The intracellular ROS was measured with cell-permeant probe DCFH-DA. Cells were pre-treated with NAC (10 mM) for 2 h and then co-treated with olaquindox for 24 h and then incubated with 10 μM DCFH-DA for 30 min at 37 °C in the dark prior to harvest, and then washed with PBS twice. The fluorescence intensity of the cells was observed by fluorescent microscope.

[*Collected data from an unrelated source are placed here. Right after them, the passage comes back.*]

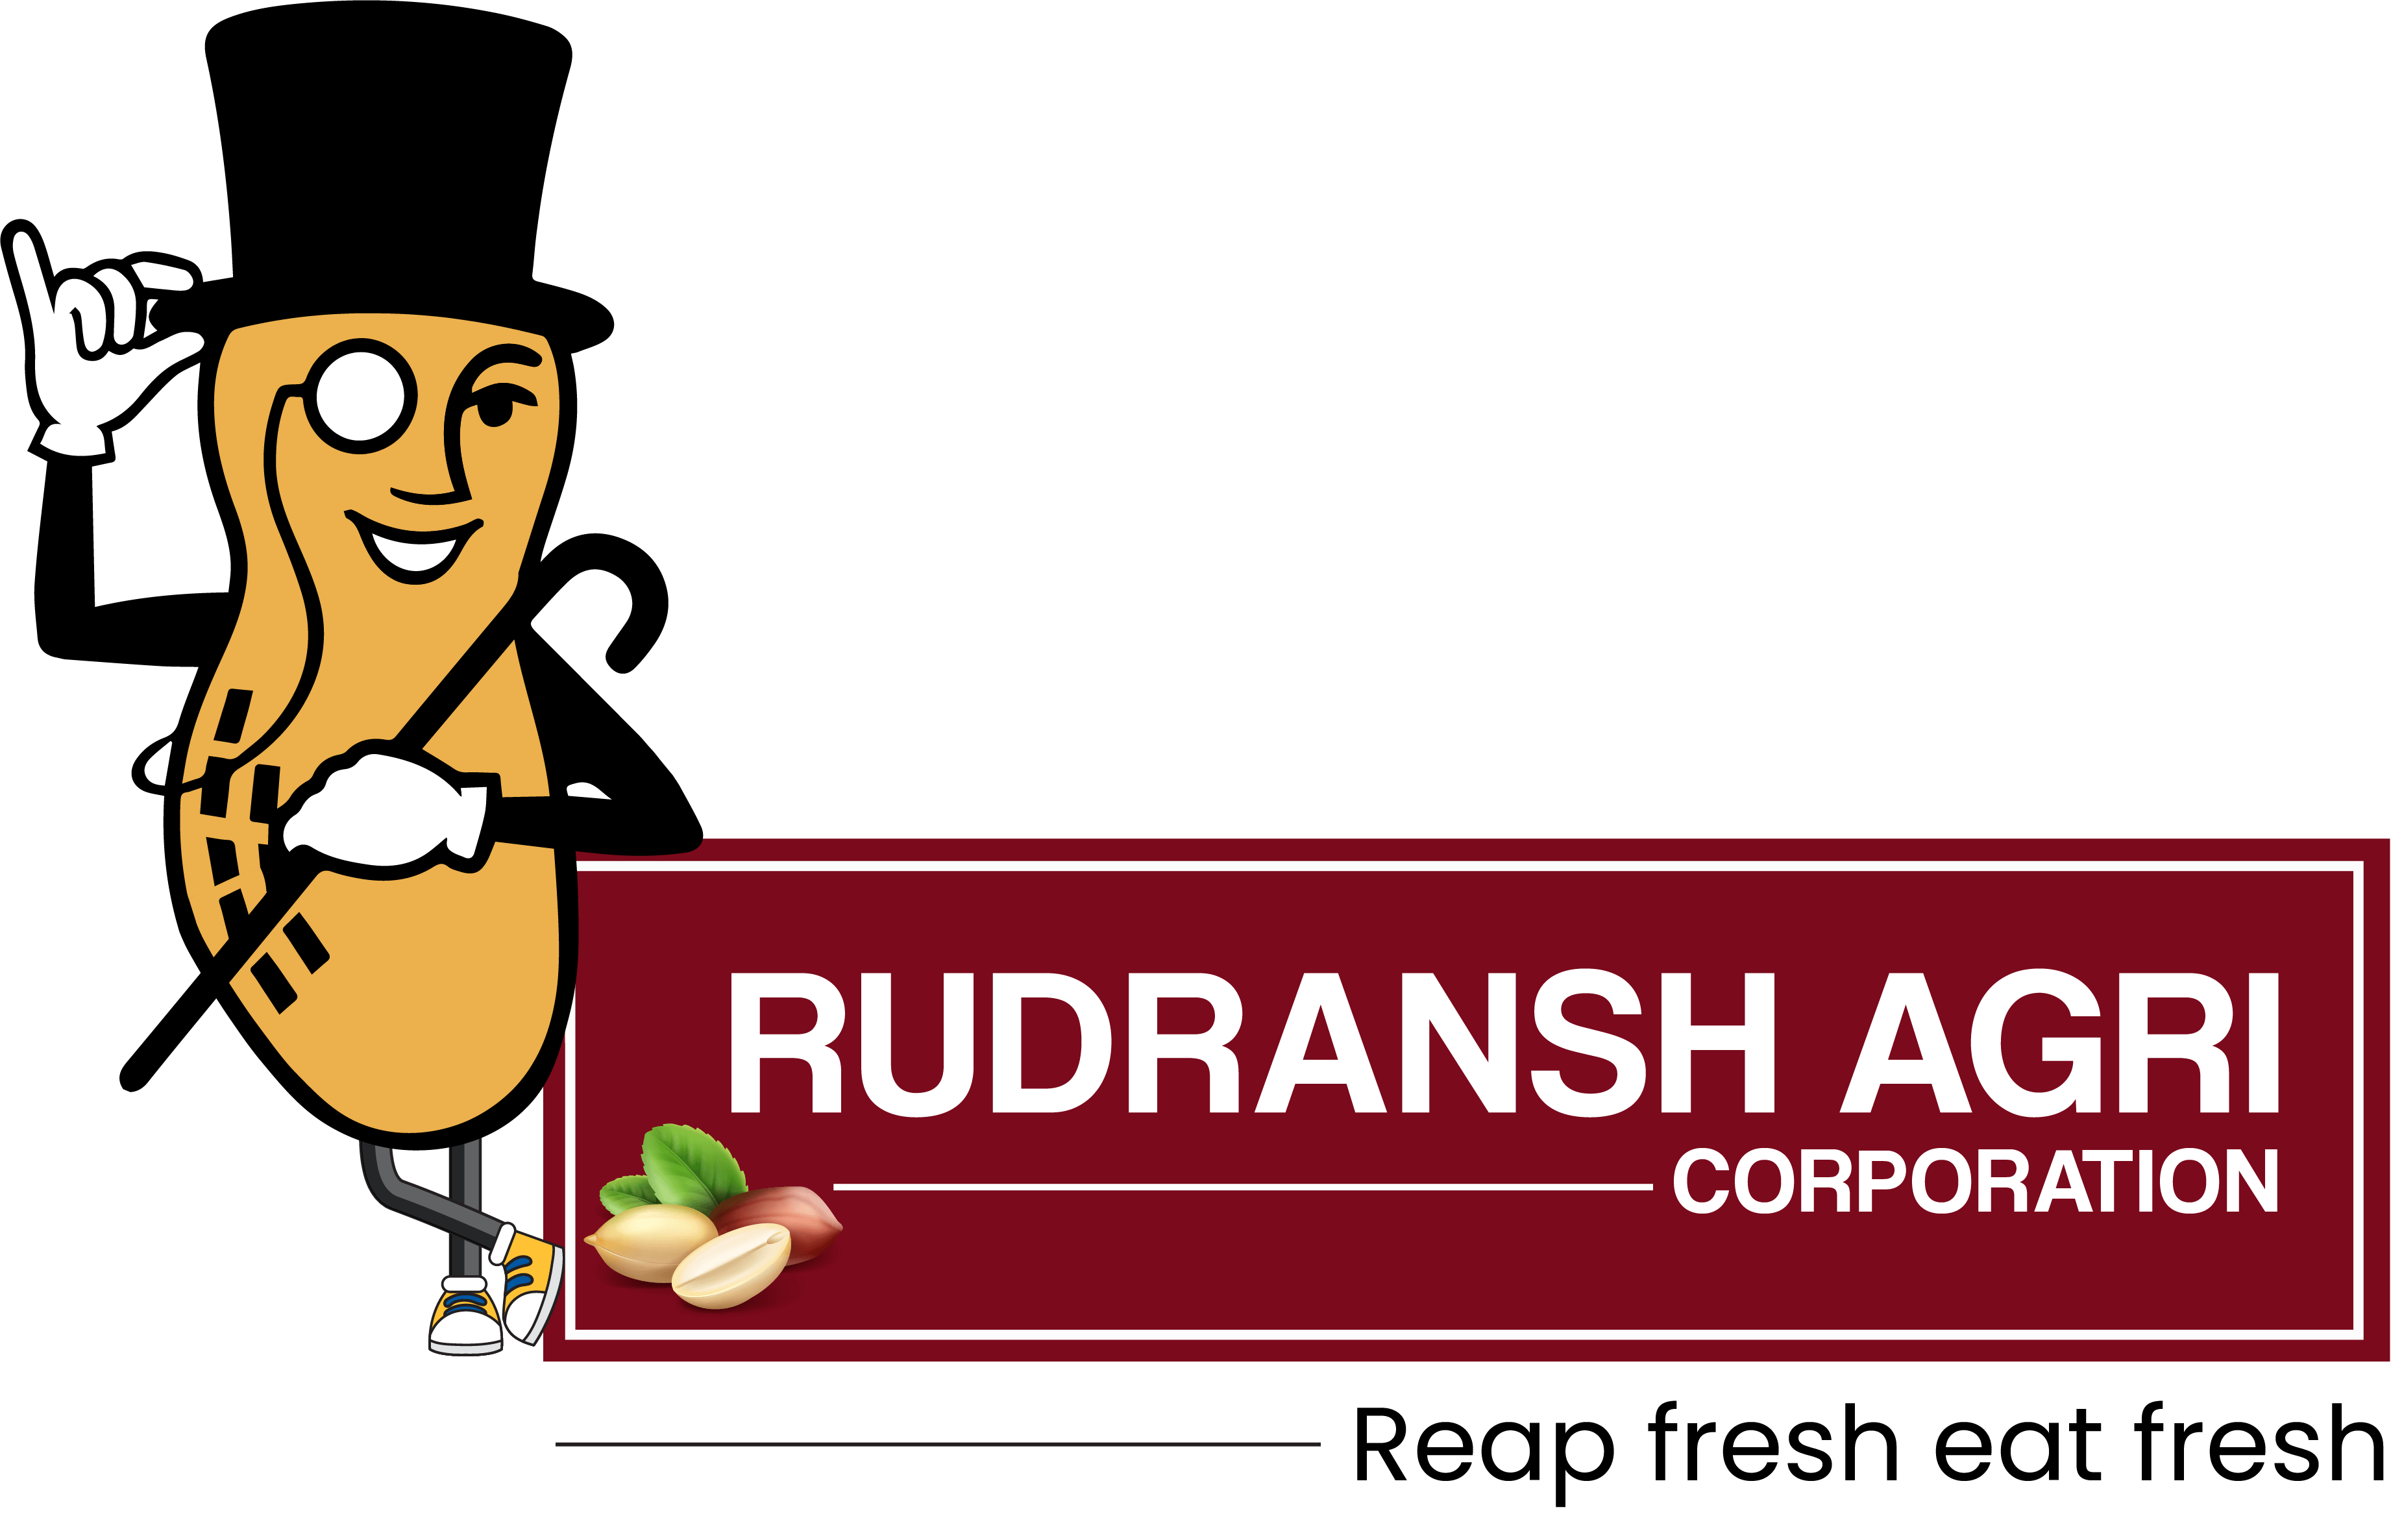 Rudransh Agri Corporation
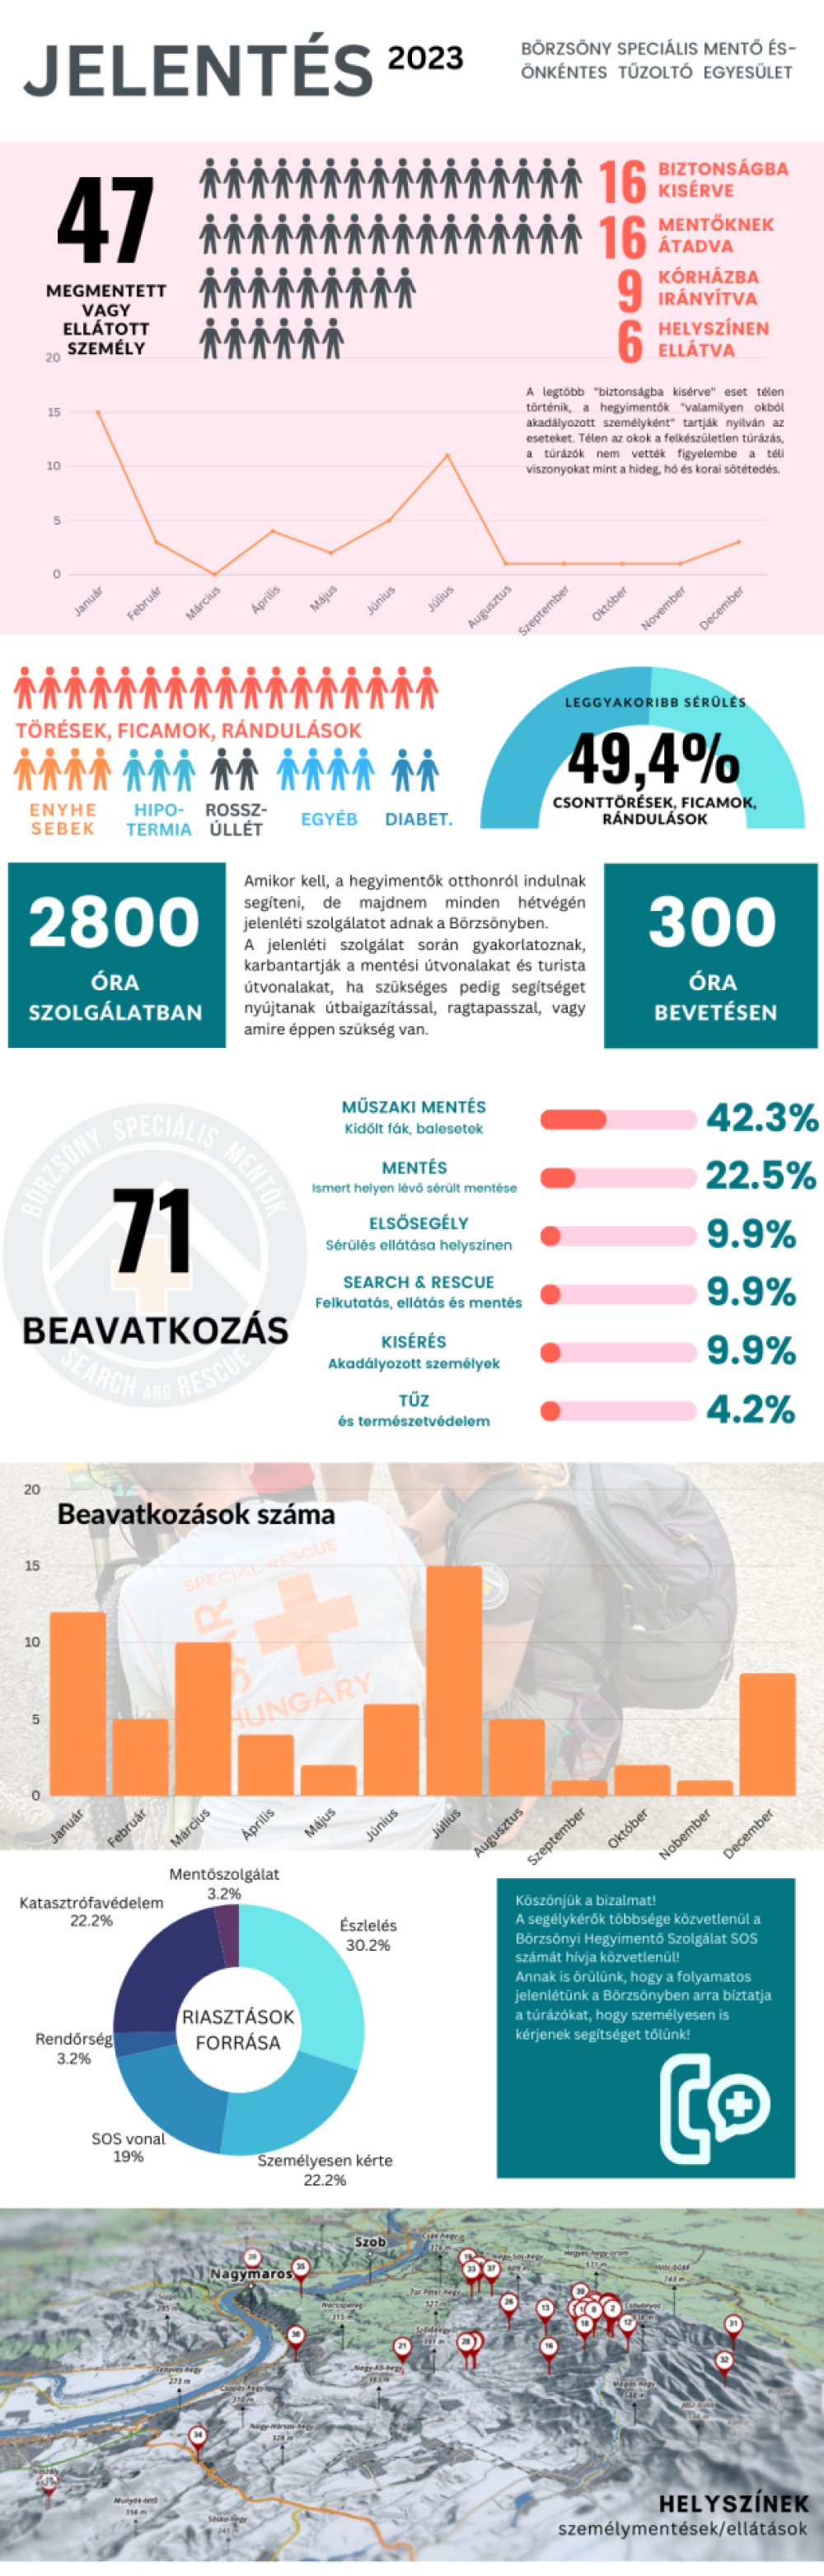 Borzsony-Specialis-Mentok-jelentes-2023-eves-infografika-1
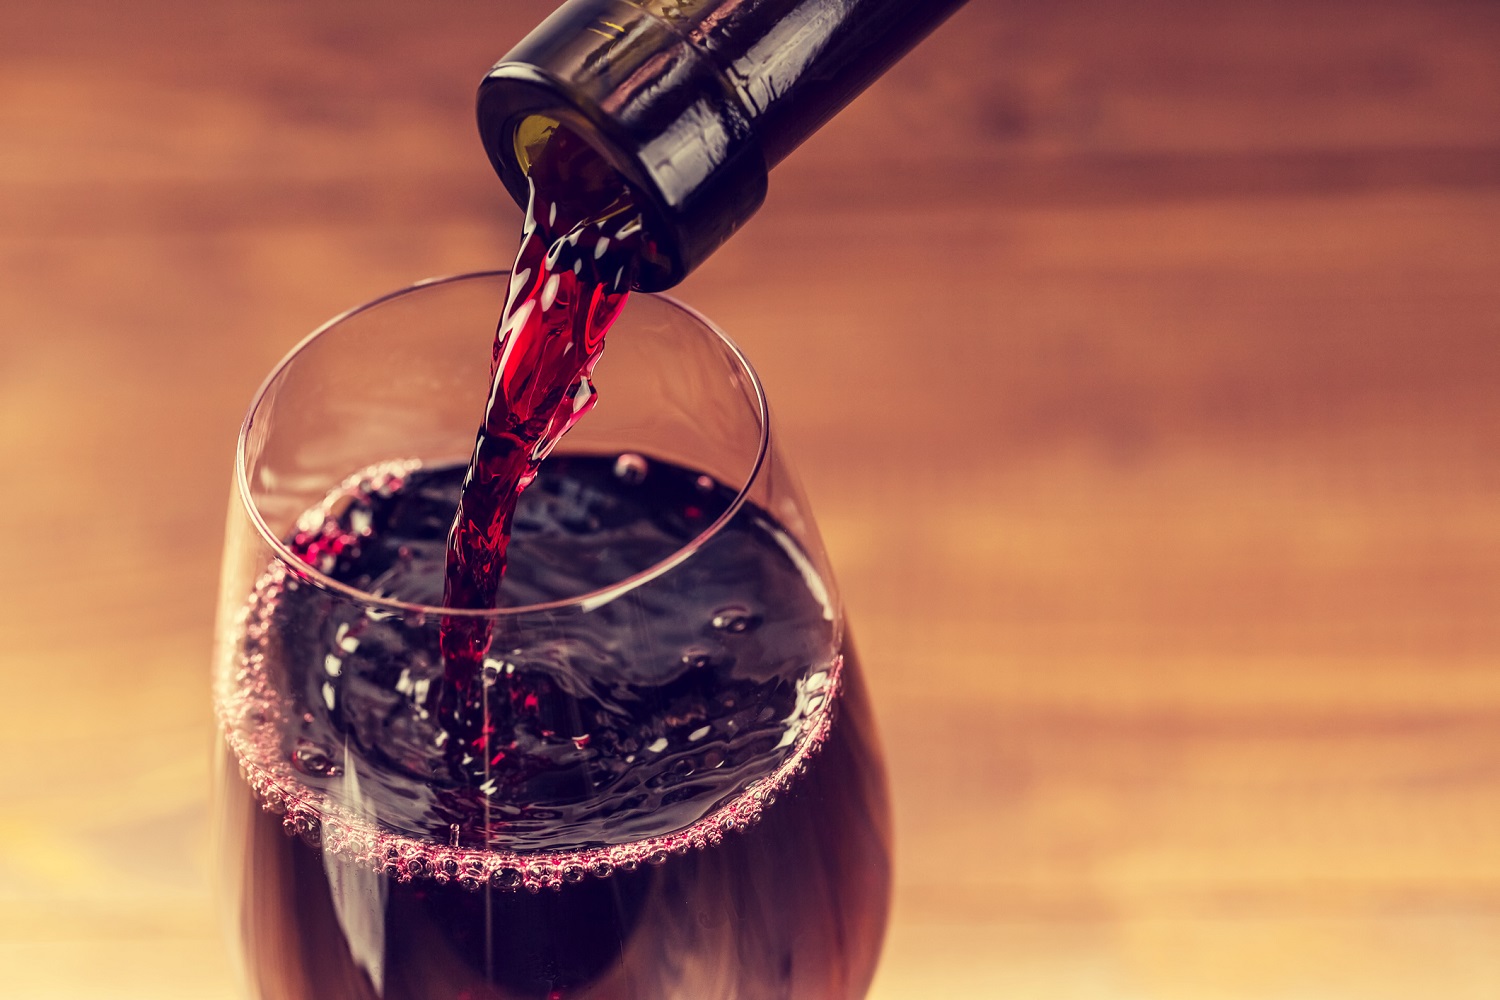 Enjoy a glass of Cabernet Sauvignon at Chimney Rock Winery

4.10. Measurement of Apoptosis

Cell apoptosis was measured using Hoechst 33342 staining. In brief, HepG2 cells (1 × 10⁵) were cultured on 6-well culture plates and pretreated with SP600125 or SB203580 for 1 h at 37 °C. After that, the cells were washed with PBS twice and treated with olaquindox at 400 µg/mL for additional 24 h. Cells in the negative control group were treated with 0.1% DMSO for 1 h. For Hoechst 33342 staining, the treated HepG2 cells were stained with 1 µg/mL Hoechst 33342 (Vigorous Biotechnology, Beijing, China) for 20 min in the dark, then observed under a fluorescence microscope (Leica Microsystems).

4.11. Statistic Analysis

All data are expressed as the mean ± standard deviation (SD) at least three independent experiments. Figures were performed by Graph Pad Prism 5.0 (GraphPad Software, Inc., La Jolla, CA, USA). The data of control and treatment groups were analyzed with one way analysis of variance (ANOVA), followed by the LSD post hoc test (SPSS 17.0, Chicago, IL, USA). The level of p < 0.05 was considered as significant.